§ Provided data
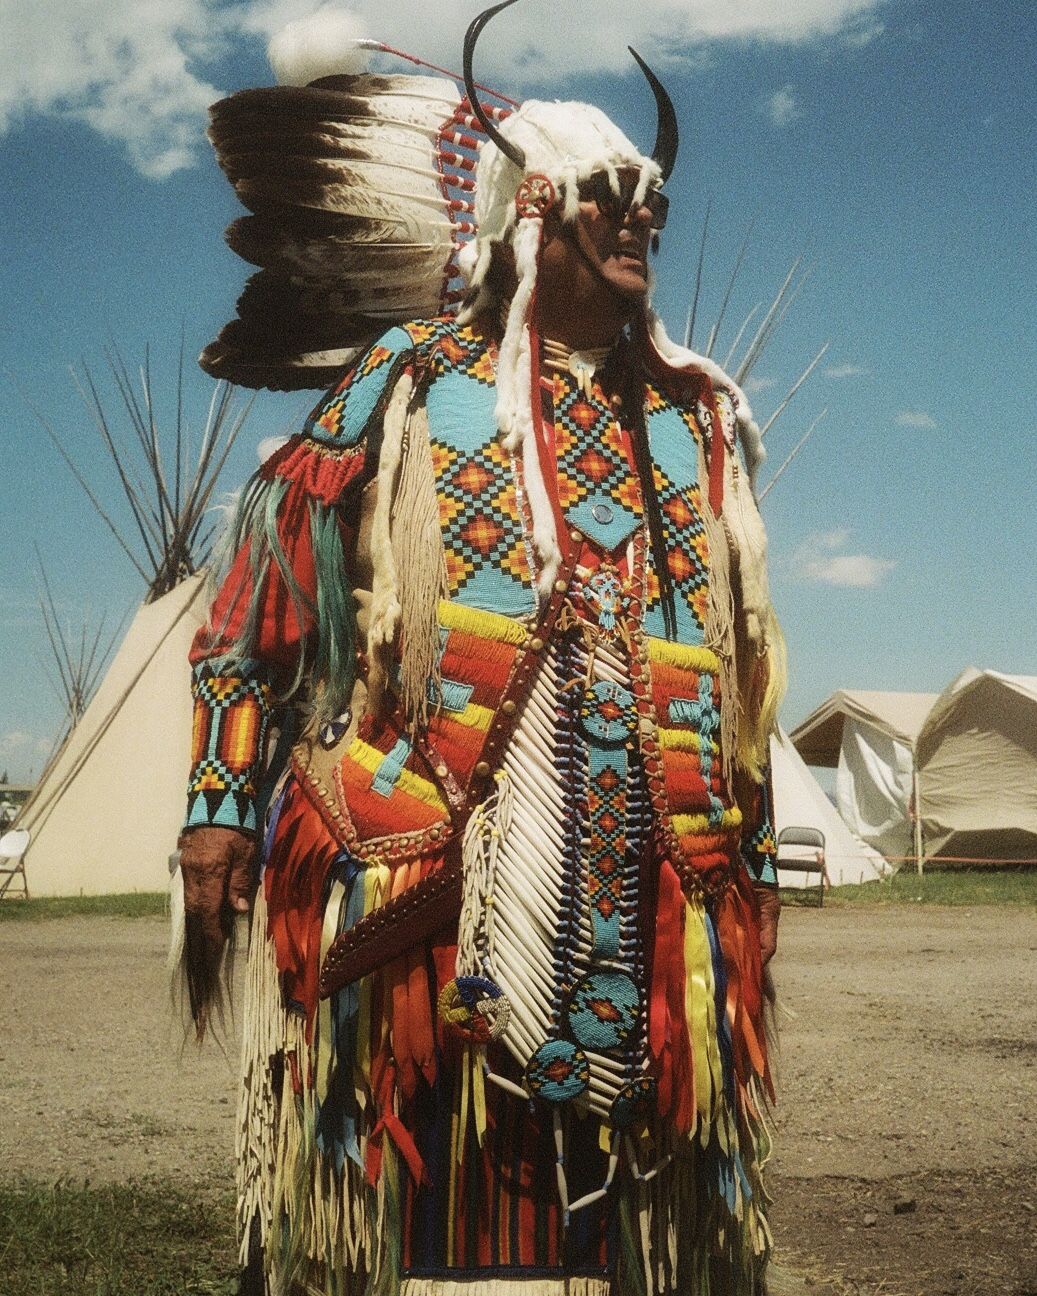 a man stands in traditional attire, adorned with horns, feathers and colorful fabrics and ribbons.
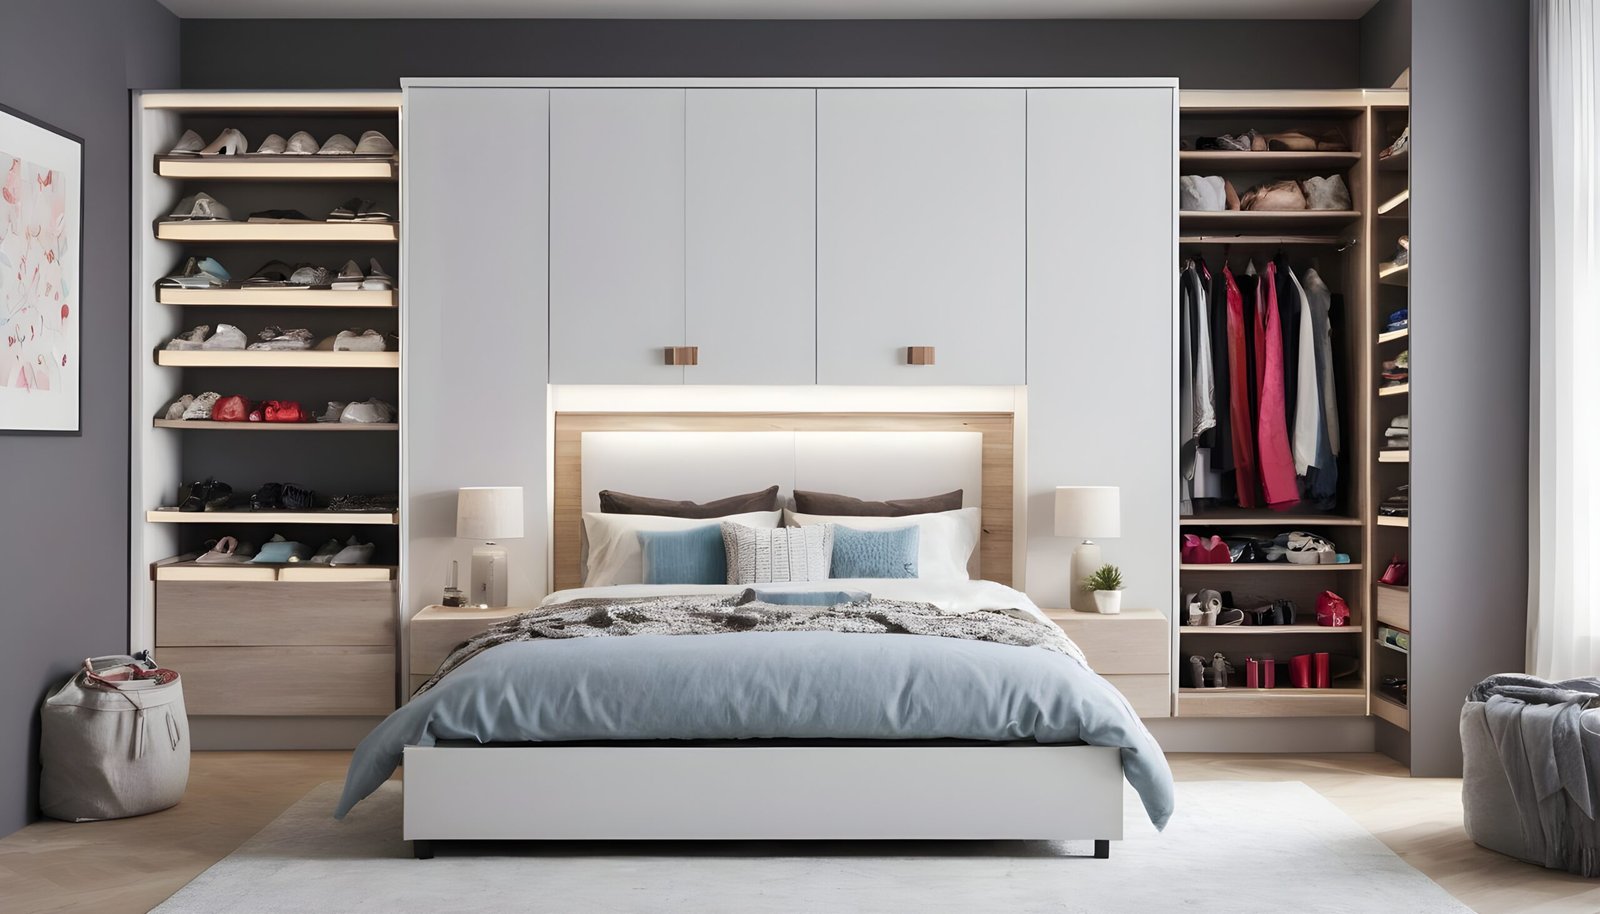 A bedroom featuring clever over-bed storage solutions.
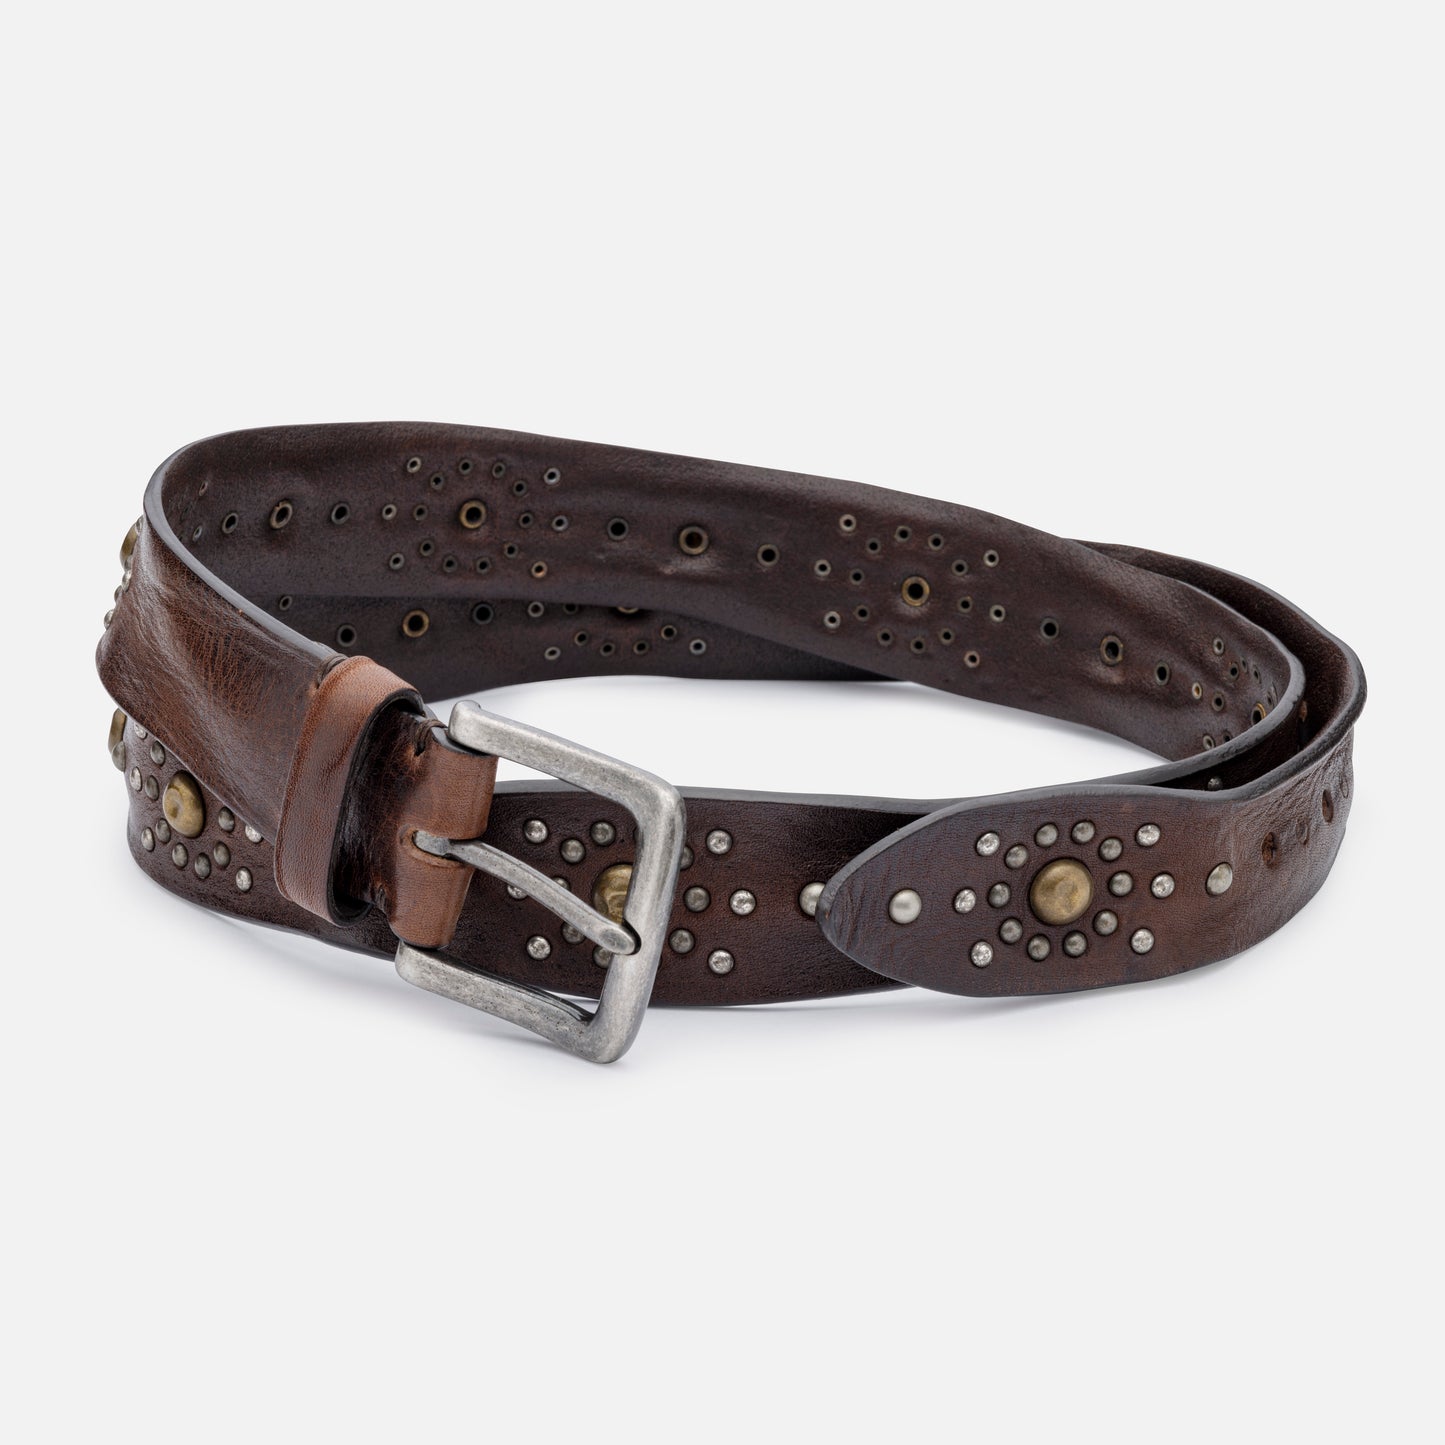 VINTAGE DARK BROWN LEATHER BELTS WITH STUDS AND ENGLISH SILVER BUCKLE  H 3,5cm

§ Directions
Pictures excluded, copy exactly the lines running from the one with "A bedroom featuring" through the last line of the material.

§ Solution to this problem
 A bedroom featuring clever over-bed storage solutions.
 VINTAGE DARK BROWN LEATHER BELTS WITH STUDS AND ENGLISH SILVER BUCKLE  H 3,5cm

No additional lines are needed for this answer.